Returns via taxes stood at 86,818 million euros last year, 10,000 million more than those achieved in 2023. In this section, however, there are notable differences depending on each figure. While taxes on capital and on production and imports have fallen by 5.6% and 2.4% annually, respectively, taxes on income and wealth have skyrocketed with an increase of more than 20%, from 53,633 to 64,507 million euros.

Within this last heading, personal income tax stands out, with an increase in its volume of almost 21%, which translates into a total figure of 62,565 million, of which 55,541 million correspond to payments on account made by the State. It so happens that the income from this tax has grown in a year marked by regional tax reductions, something that is explained by the delay with which the disbursements made by the State to the territories operate, and which occur after the final settlement of the financial year in question, two years later. That is, it will be from 2024 onwards that the effects of the tax cuts implemented in 2022 will begin to be felt, when the inflationary crisis began.

In taxes, equity also stands out, although for the opposite reason, with income of 1,364 million, 7% less. Among other reasons, this is due to the regulatory changes made by several autonomous communities by setting bonuses on the tax rate of 50% and 100%.

Another section refers to non-financial jobs, in which headings such as transfers received from other public administrations stand out, which stand at 126,186 million (+3.3% annually). In this subgroup, the most representative are those received by the State, which reach 106,140 million (+2.5%). This evolution is due to the increase in payments received by the financing system, which went from 80,306 to 88,835 million. Of this amount, 80,498 million correspond to payments on account for 2023 and another 8,337 million correspond to the final settlement of the 2021 financing system —excluding personal income tax—.

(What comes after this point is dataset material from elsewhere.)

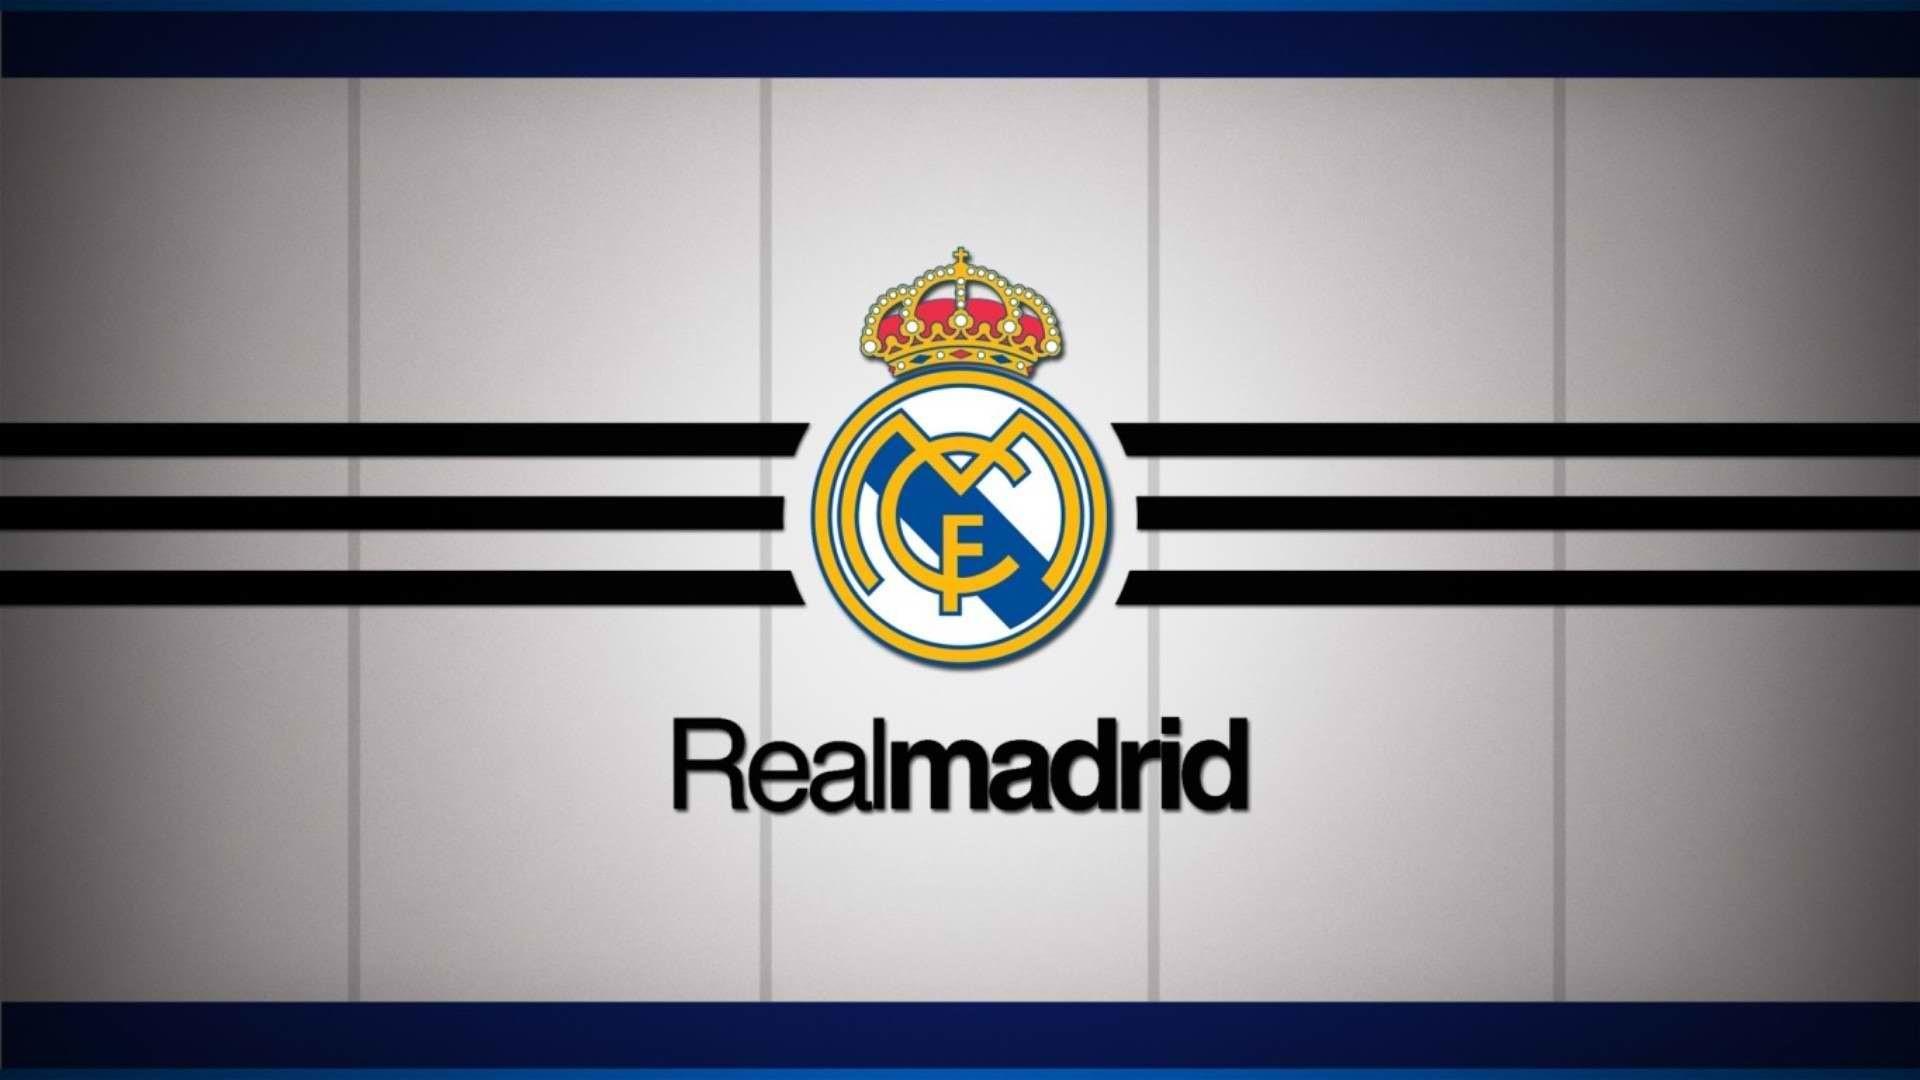 Real Madrid Cf Logo Wallpaper   Real Madrid 2015 Logo Hd 1920x1080

These increases have been offset, in part, by the decrease in transfers received outside the system, which fell from 23,225 to 17,305 million euros from one year to the next.

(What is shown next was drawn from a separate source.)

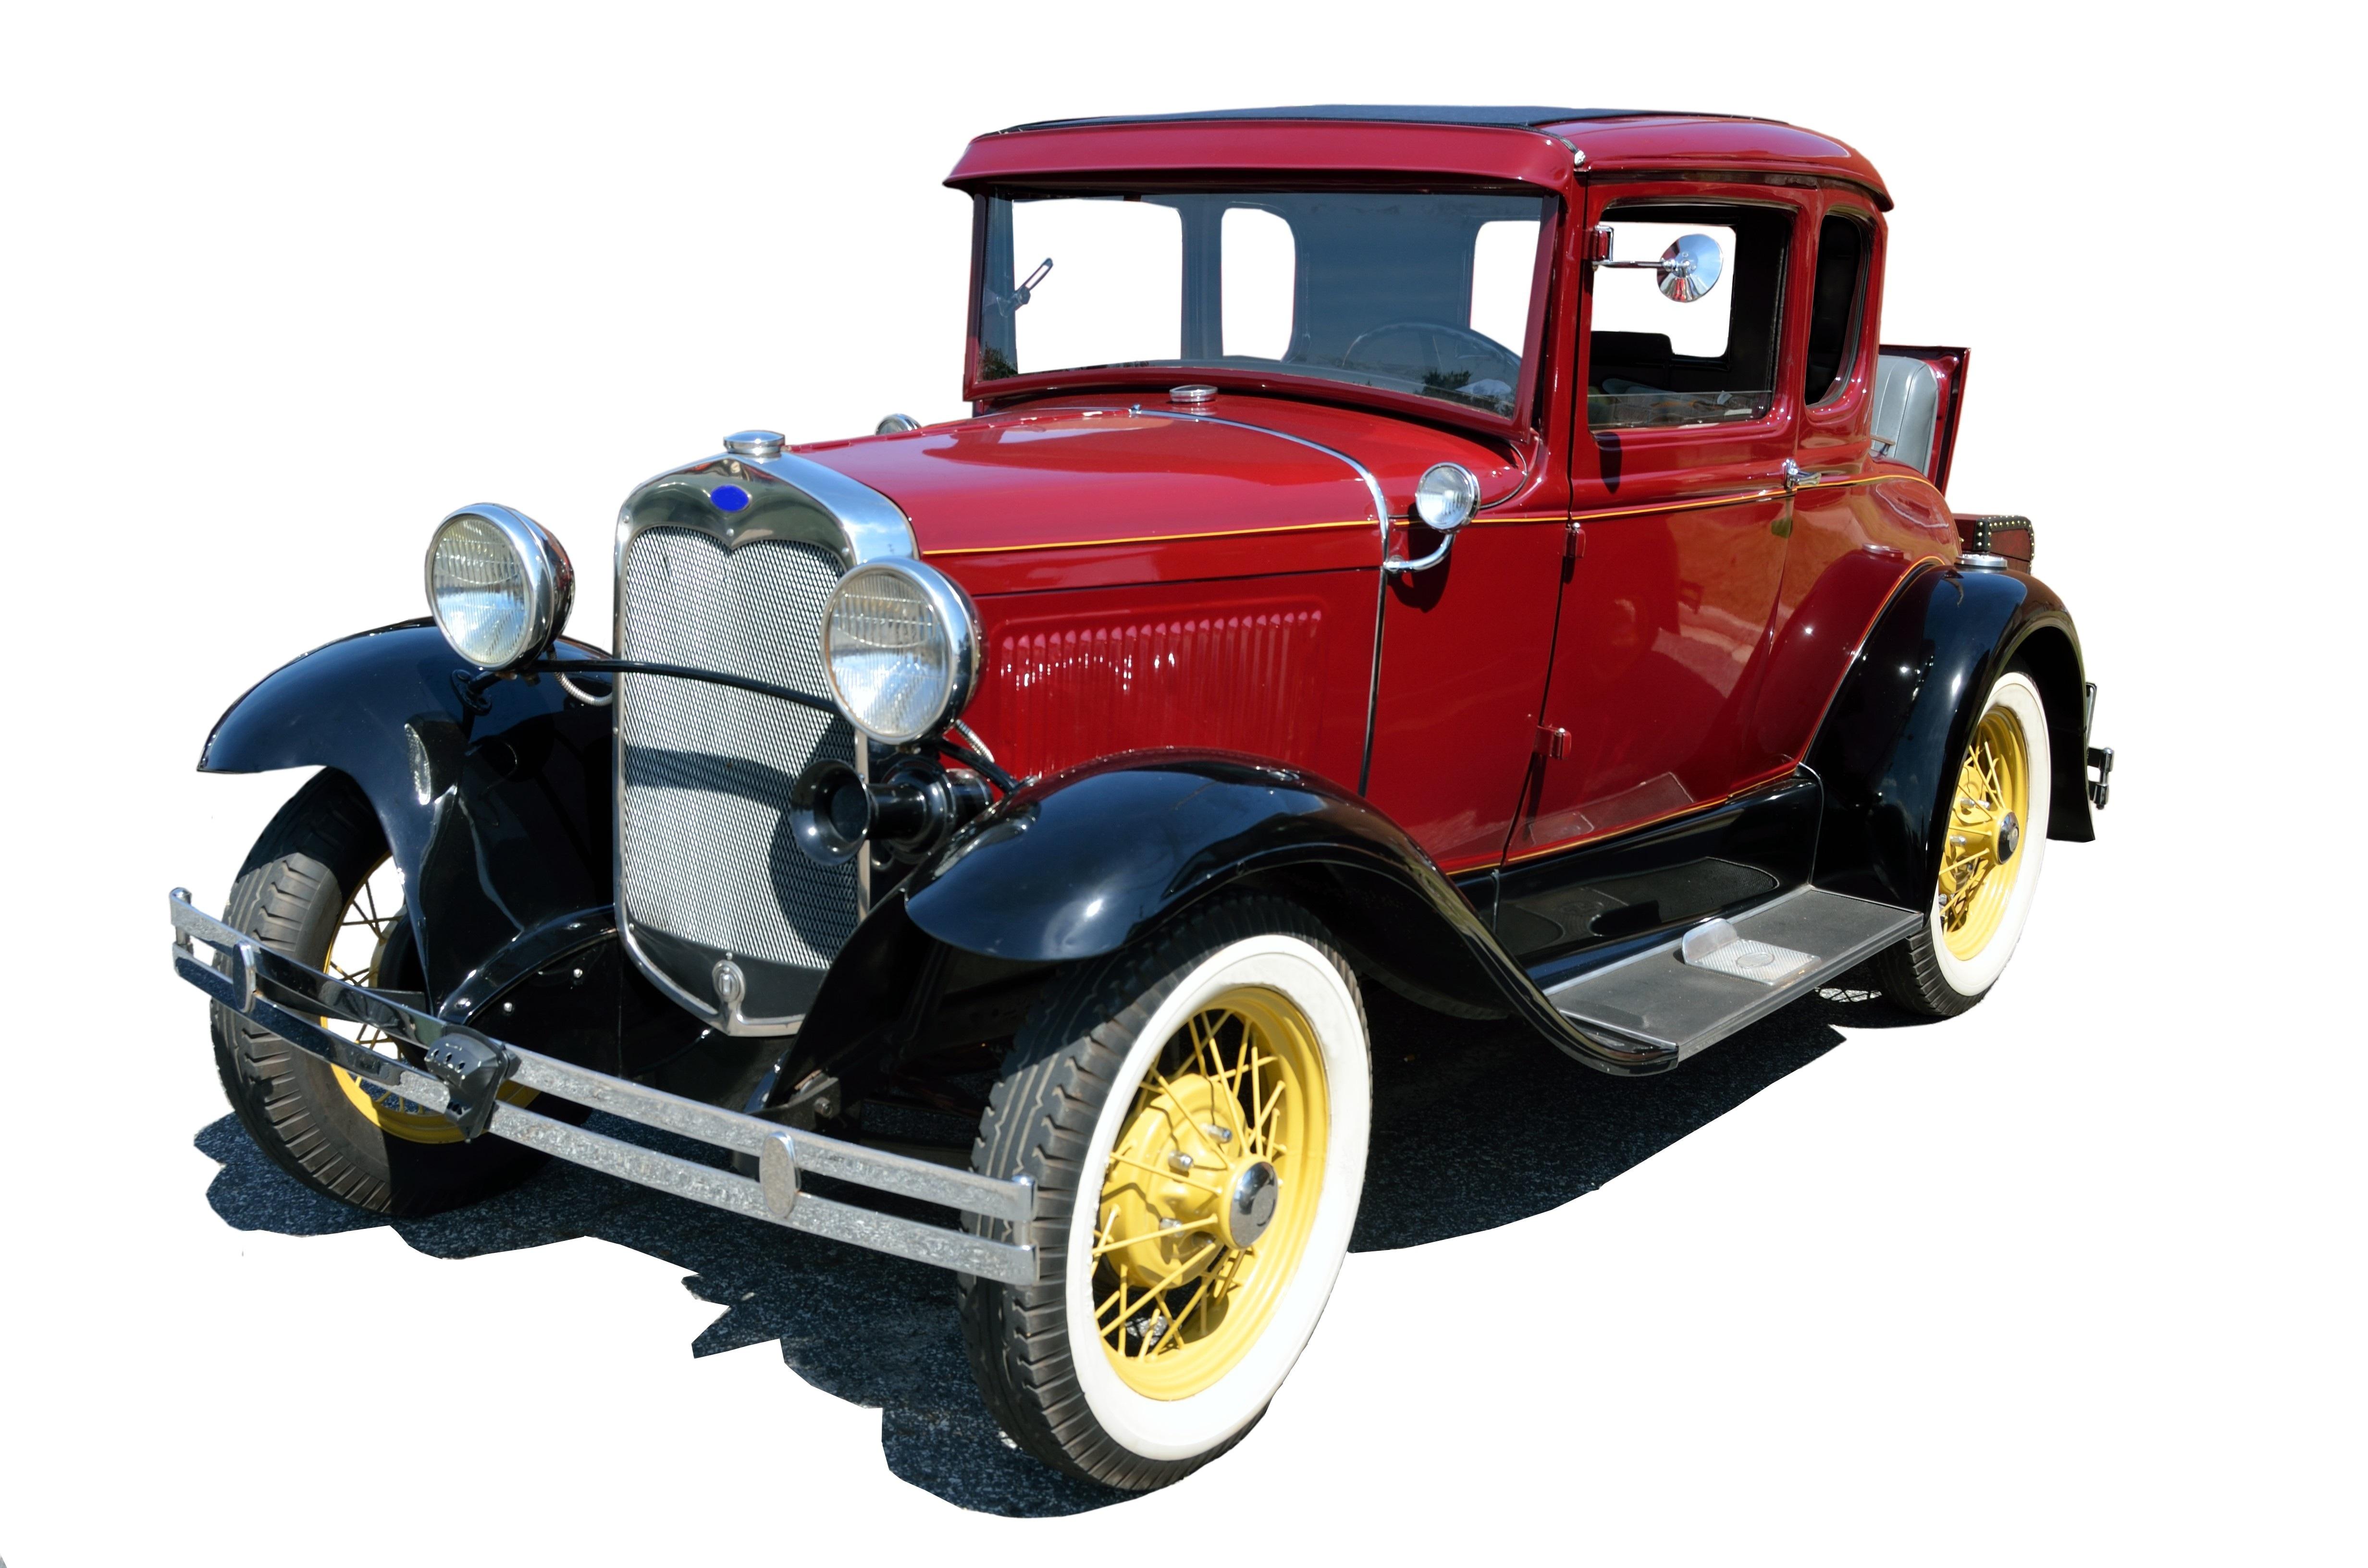 Free Images : antique, wheel, retro, old, isolated, transportation ...

Other striking indicators that influence the evolution of the deficit are the remuneration of employees, which shows a growth of 6% – up to 101,601 million – mainly due to the 3% salary increase for civil servants. Interests also stand out, which skyrocket by more than 70% to 6,468 million due to the rise in rates and its effects on loans from the Financing Fund to Autonomous Communities. Other points cannot be forgotten, such as subsidies for certain products and services, paid in part by regional governments. Among others, the 30% discounts on public transport stand out.